» Task objective:
After locating "Ενοικιαση μηχανής καπνού κάθετης εκτόξευσης", return its line and all lines that follow through the end of the listing below, exactly; leave out pictures.

[Available data Boundary: Start]

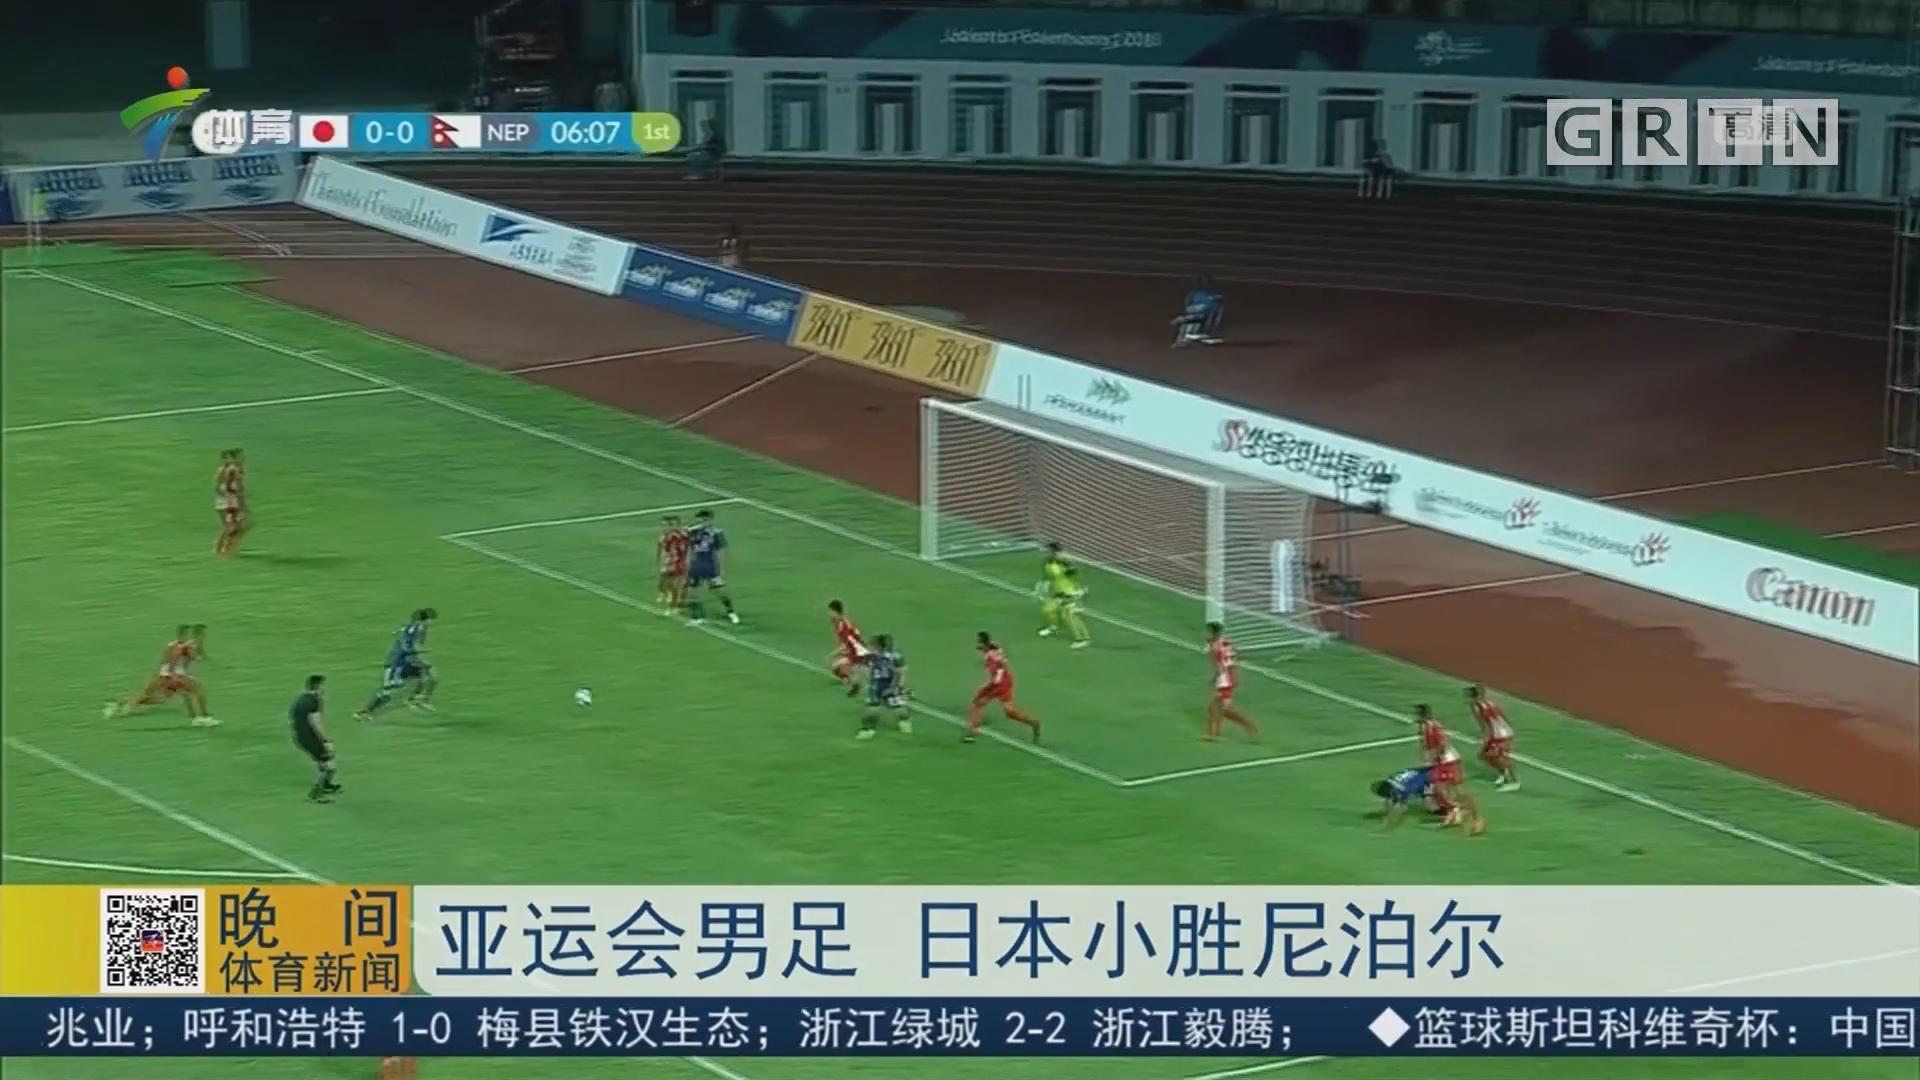 亚运会男足 日本小胜尼泊尔
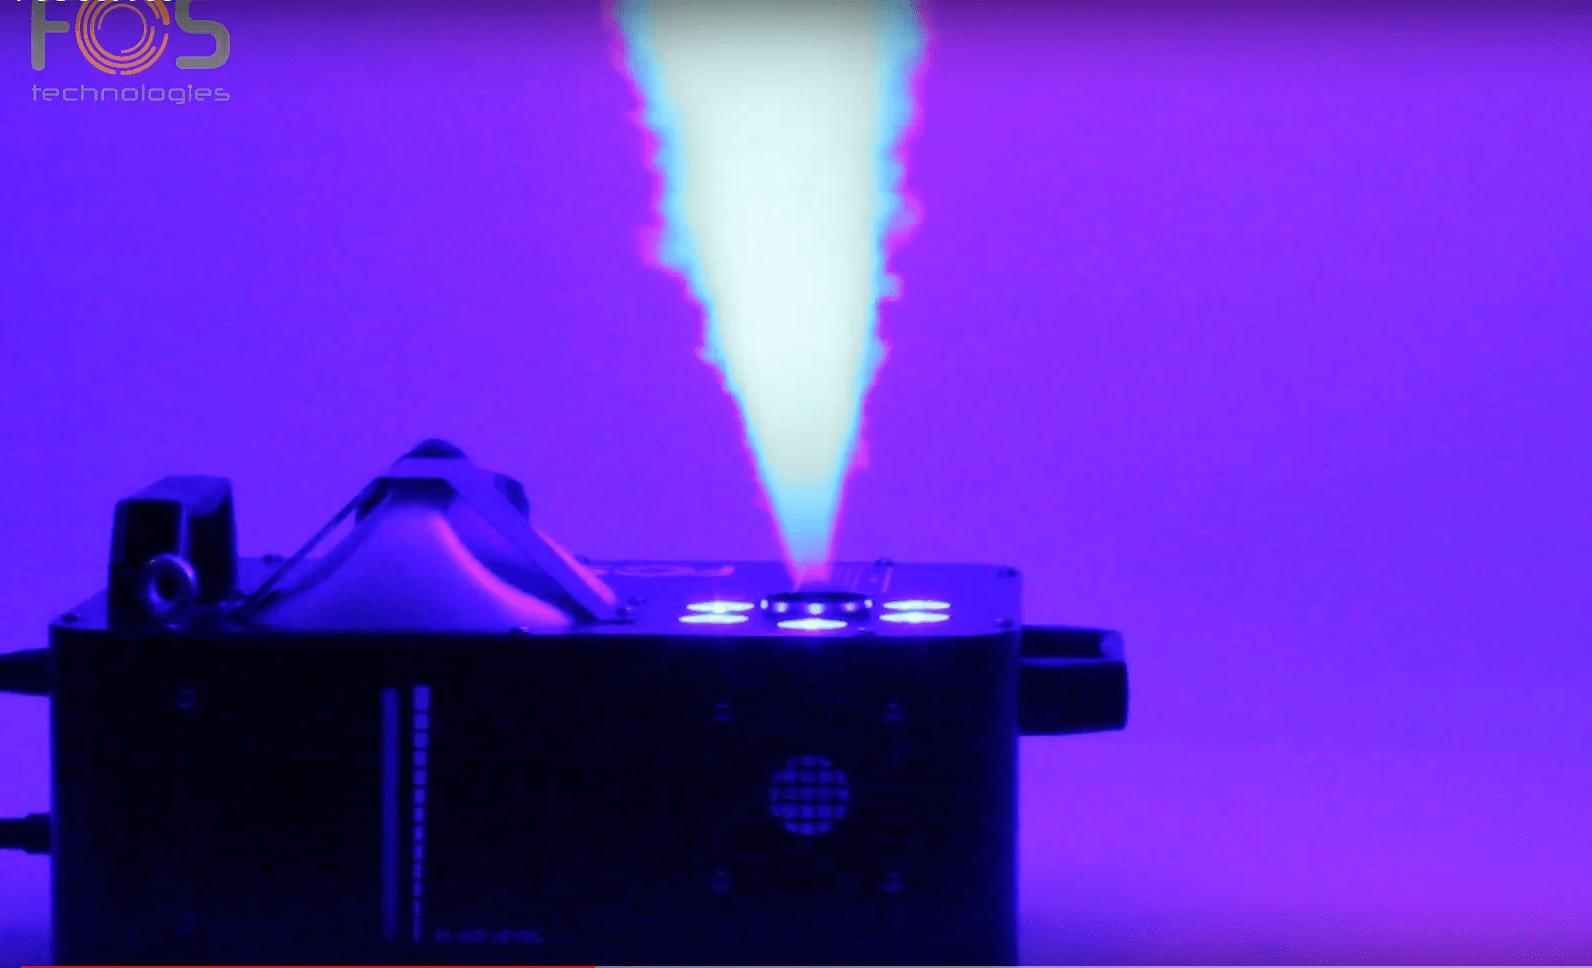 Ενοικιαση μηχανής καπνού κάθετης εκτόξευσης
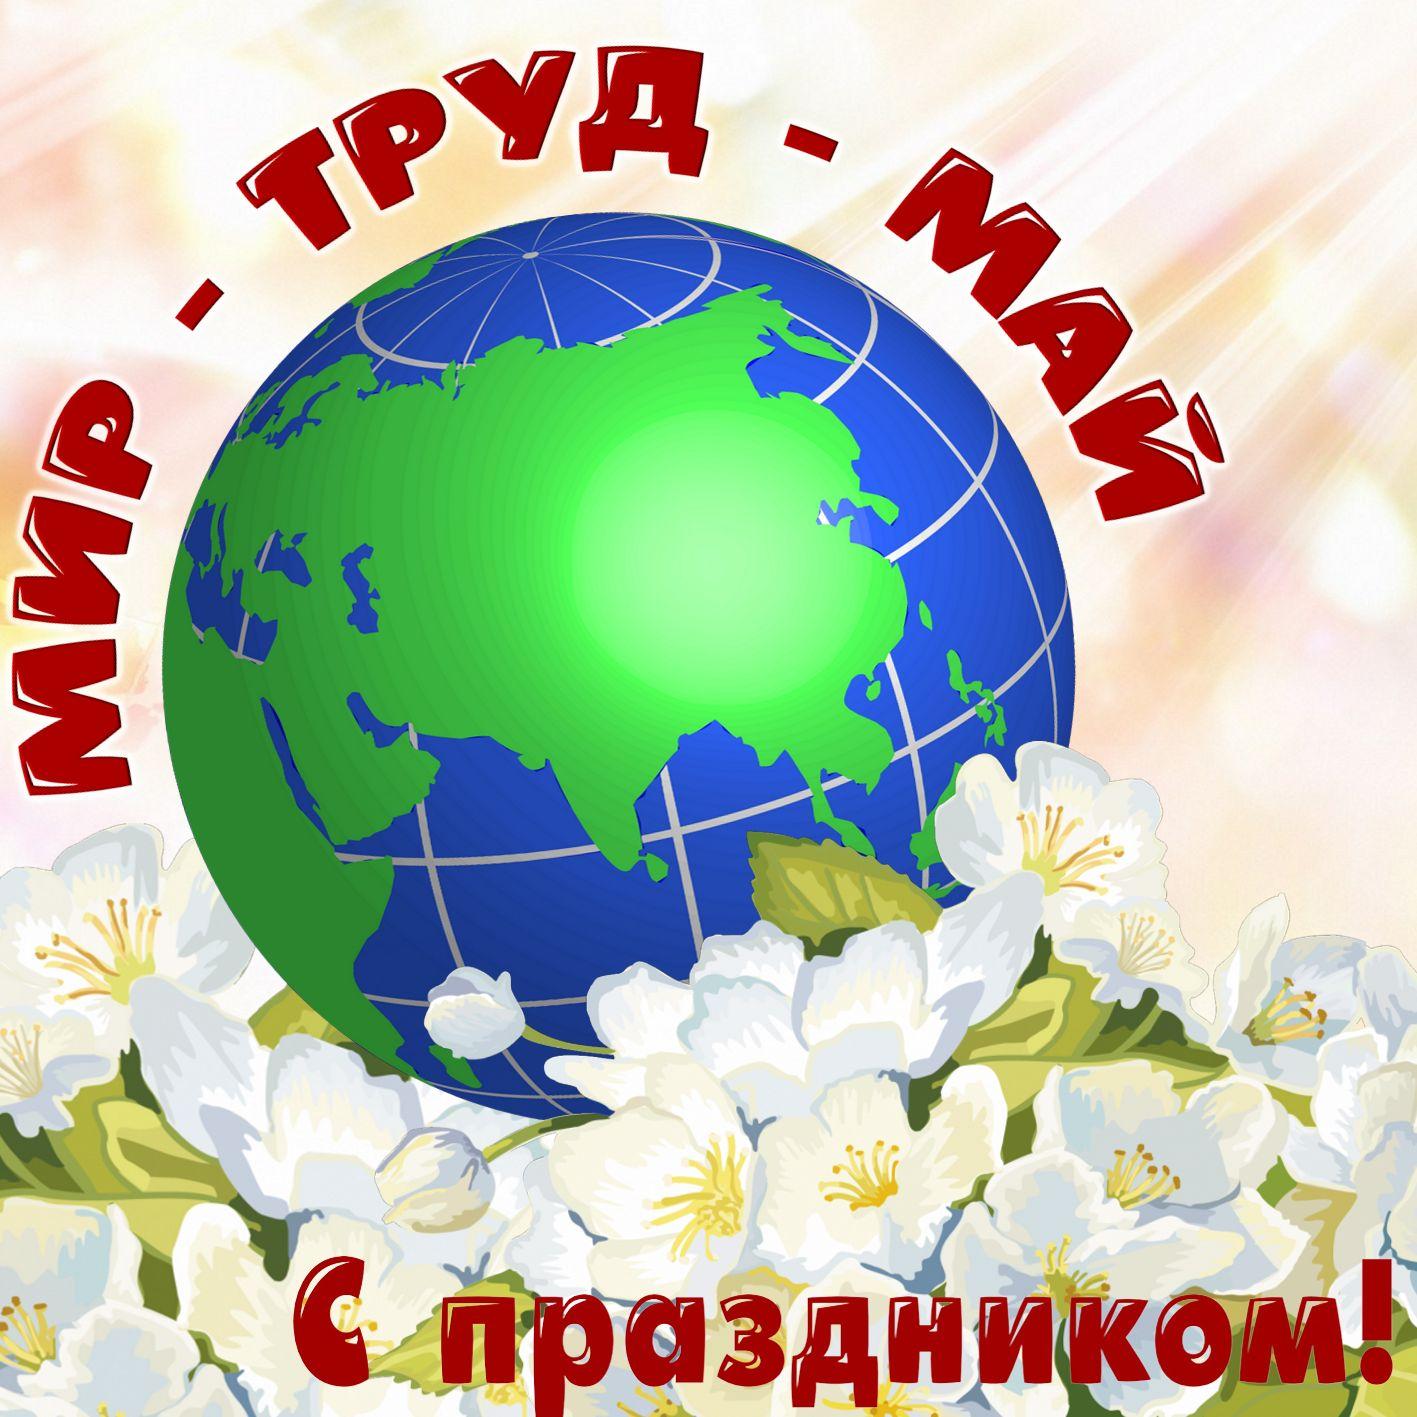 Открытки с праздником мир труд май
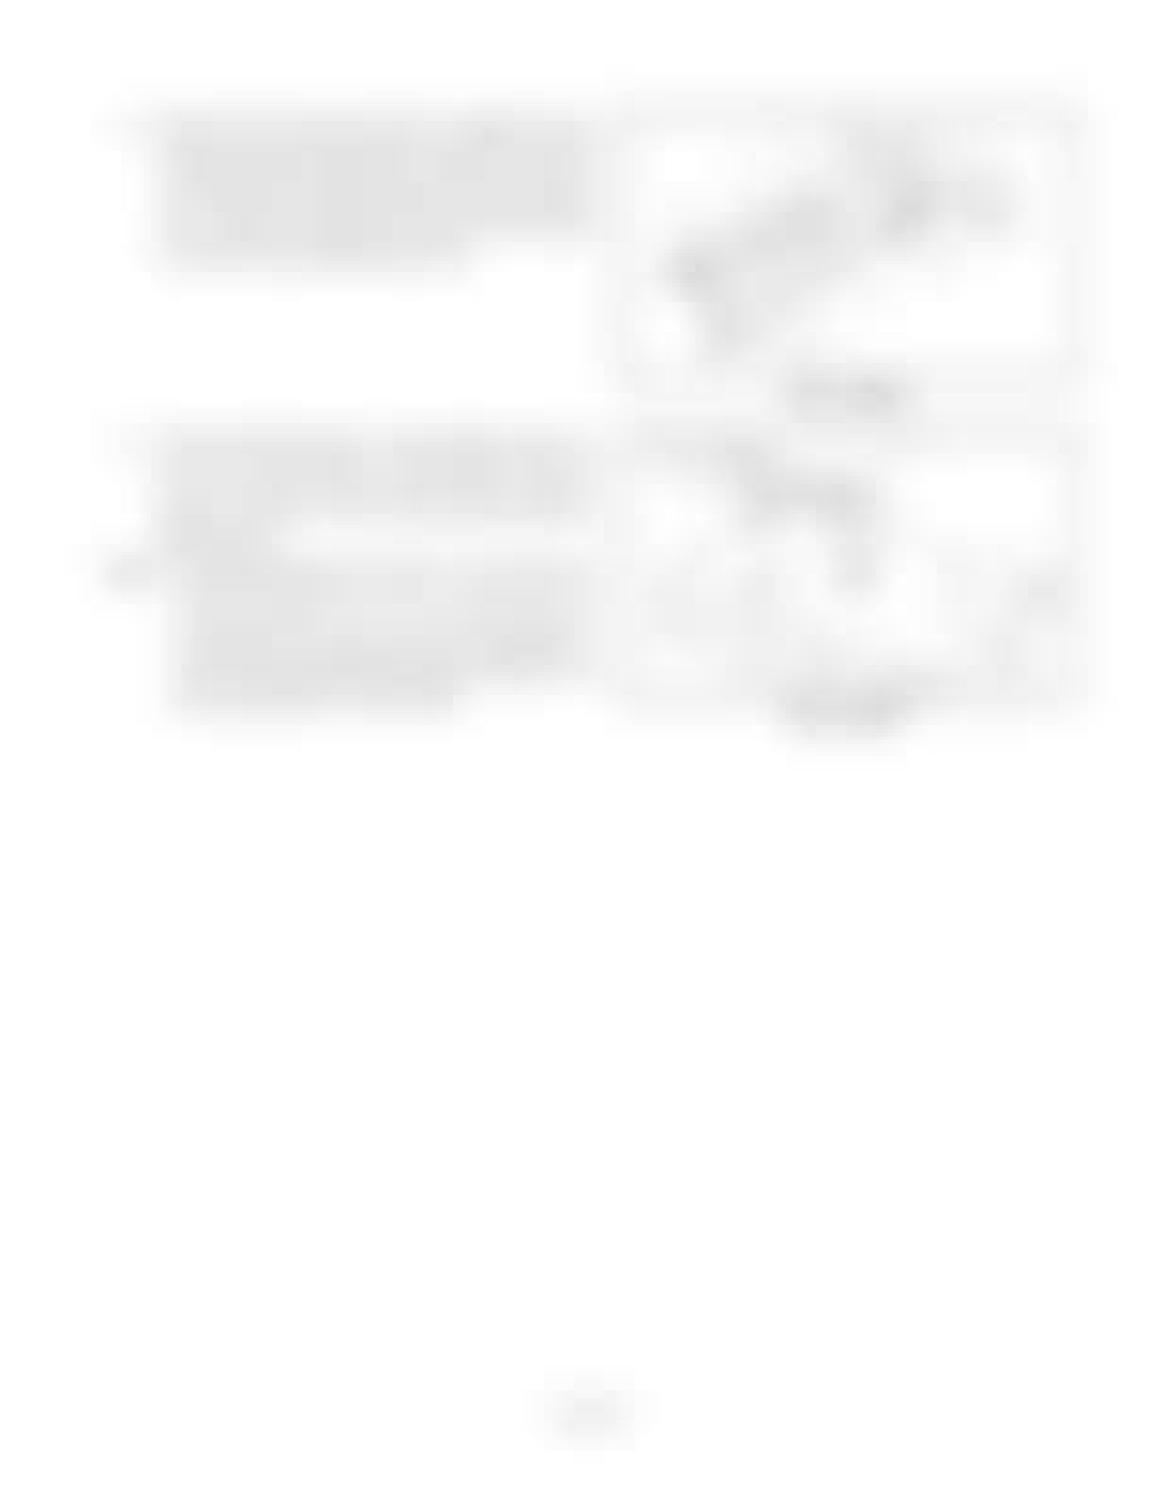 Hitachi LX110-7 LX130-7 LX160-7 LX190-7 LX230-7 Wheel Loader Workshop Manual - PDF DOWNLOAD page 119

[Available data Boundary: End]

» Answer to this problem:
 Ενοικιαση μηχανής καπνού κάθετης εκτόξευσης
 Открытки с праздником мир труд май
 Hitachi LX110-7 LX130-7 LX160-7 LX190-7 LX230-7 Wheel Loader Workshop Manual - PDF DOWNLOAD page 119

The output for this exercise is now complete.